Quicksilver Roars (new features, Lion support) - zdw
http://lovequicksilver.com/post/11814325098/quicksilver-roars

======
drats
I'd presume that Apple will integrate a Siri-like interface to the next OSX,
in say the 2012/2013 region, so that you can do basic things like say
"subscribe to the NPR politics podcast" and "play the NPR politics podcast".
This could also have a keyboard interface like Quicksilver and perhaps even
hooks for an Applescript user community (but Apple doesn't really do
community). Ubuntu on the other hand has the very good Gnome-Do and the
impressive Synapse[1]. However, Ubuntu doesn't have a speech recognition
engine to even begin to match Siri so you'd be stuck with whatever Google
evolves on top of voice in HTML5/Chrome. That would be limited to website
interactions and perhaps Google apps (i.e. when in an email, only in Gmail,
about a conference perhaps you could say "add this to my calendar", only to
Google calendar).

One feasible path of exploration would be to use CMU Sphinx[2] connected to
local NLP and Unity (or some underlying infrastructure that KDE and Gnome can
share). But even if Shuttleworth hired a couple of developers now and had them
getting some traction in 2012, you'd be looking at a usable beta for Ubuntu
13.04. At that point We'd be looking at the iPhone 6+ and one or two
iterations of Android on top of ICS.

Microsoft has the base technology lying around in terms of speech recognition
and Bing/MS Research/Kinect team and could probably come out with an answer on
the next iteration of Windows (desktop and mobile). So you will have a first
class solution on all Apple products, and a solid implementation on Windows as
well as Android and perhaps Chrome. Nevertheless this forces Canonical's hand
and they more or less have to move on this or they will be left behind.

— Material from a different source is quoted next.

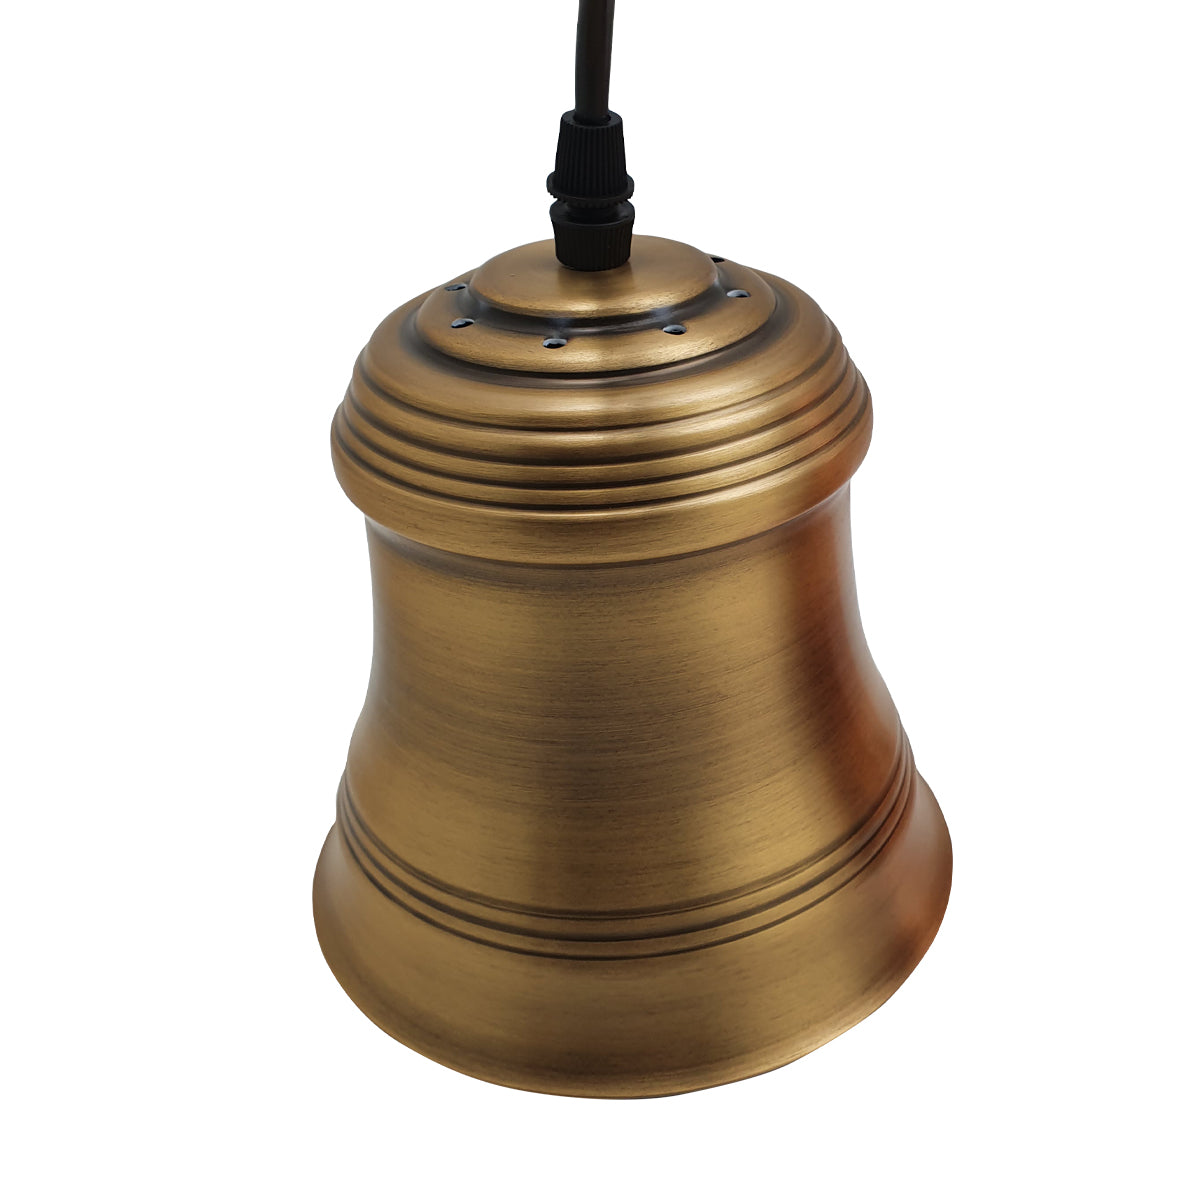 LEDSone industrial vintage Retro Style Pendant Light Yellow Brass Colours Lamp Shade~2535 - LEDSone UK Ltd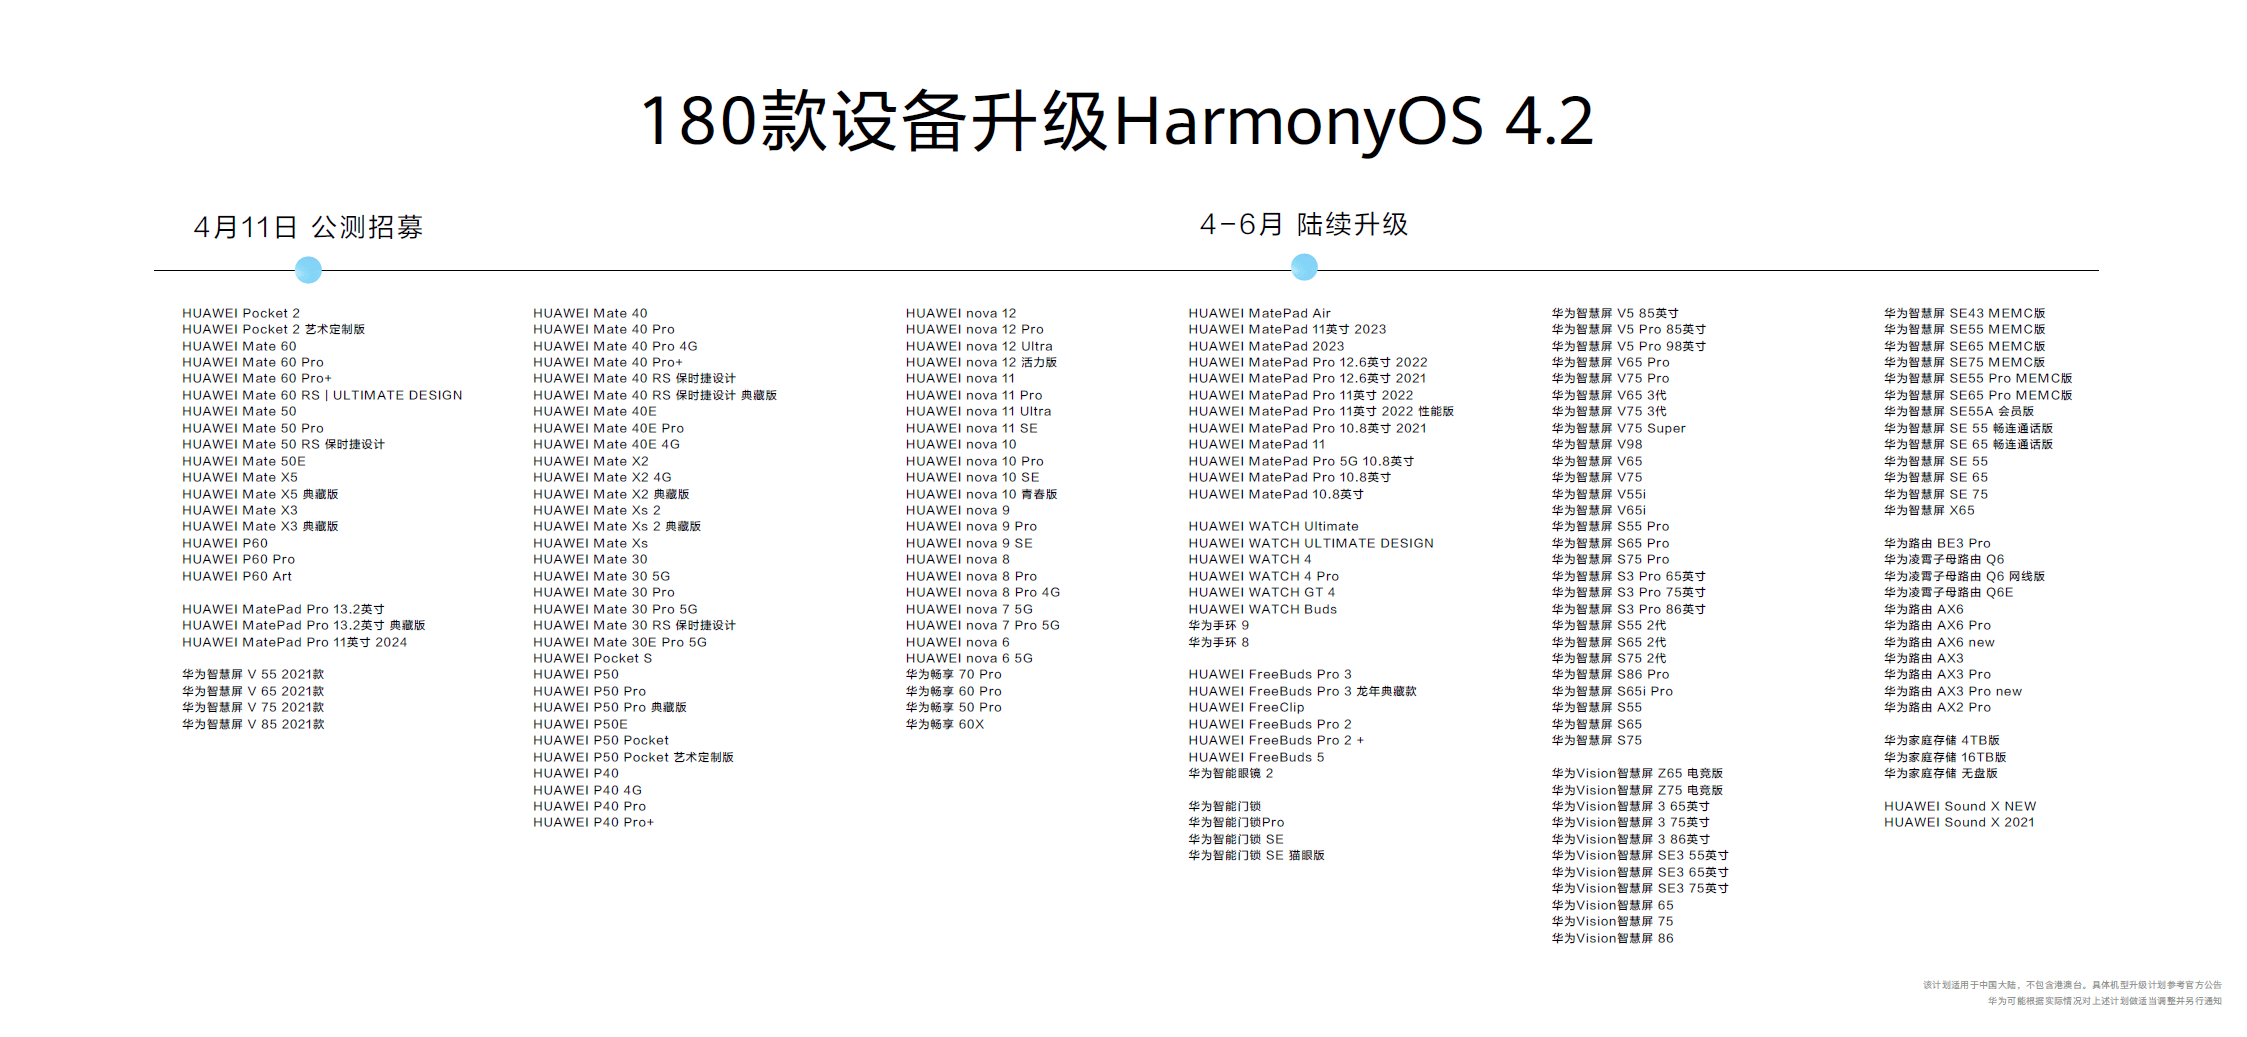 HUAWEI Pura 70 Ultra搭载Harmony OS 4.2，更好玩，更强大-最极客

My suggestion would be to take the following strategy (if Shuttleworth is
reading): hire two or three developers or so for integrating Sphinx as a core
service, and hire two or three developers to leverage NLTK on top of python
(already the Ubuntu system language) and connecting it to Synapse. That's just
four to six developers and two apt-gets being default rather than optional.
Further, to save money, I'd contact a number of universities in the UK
(Canonical is in London, logistics and legal are thereby simplified) to
sponsor a few Masters and PhDs on basic research in the area with the proviso
that their research goes open source and is patent free. In this way, a
developer salary for one year turns into three years of research from a PhD.
As I understand it they already have some people working on Kinect-like
projects, but it needs far more resources otherwise it's just left to Google,
who more or less don't care about the Linux desktop and tie the Android stuff
to the cloud. Otherwise Ubuntu with a few tweaks is going to get slaughtered
(if there is even one percent of market share to actually slaughter) by a
cohort of competitors looking like you'd imagine OSX"11"/iPhone 6 and Kinect
2/Xbox 4 to be. The only other option would be to rely on the Google API from
a native app, which would mean you could probably deliver something in Ubuntu
12.10, but you'd be totally beholden to Google then: and that's only if they
wanted to let you use their servers with no ads going the other way.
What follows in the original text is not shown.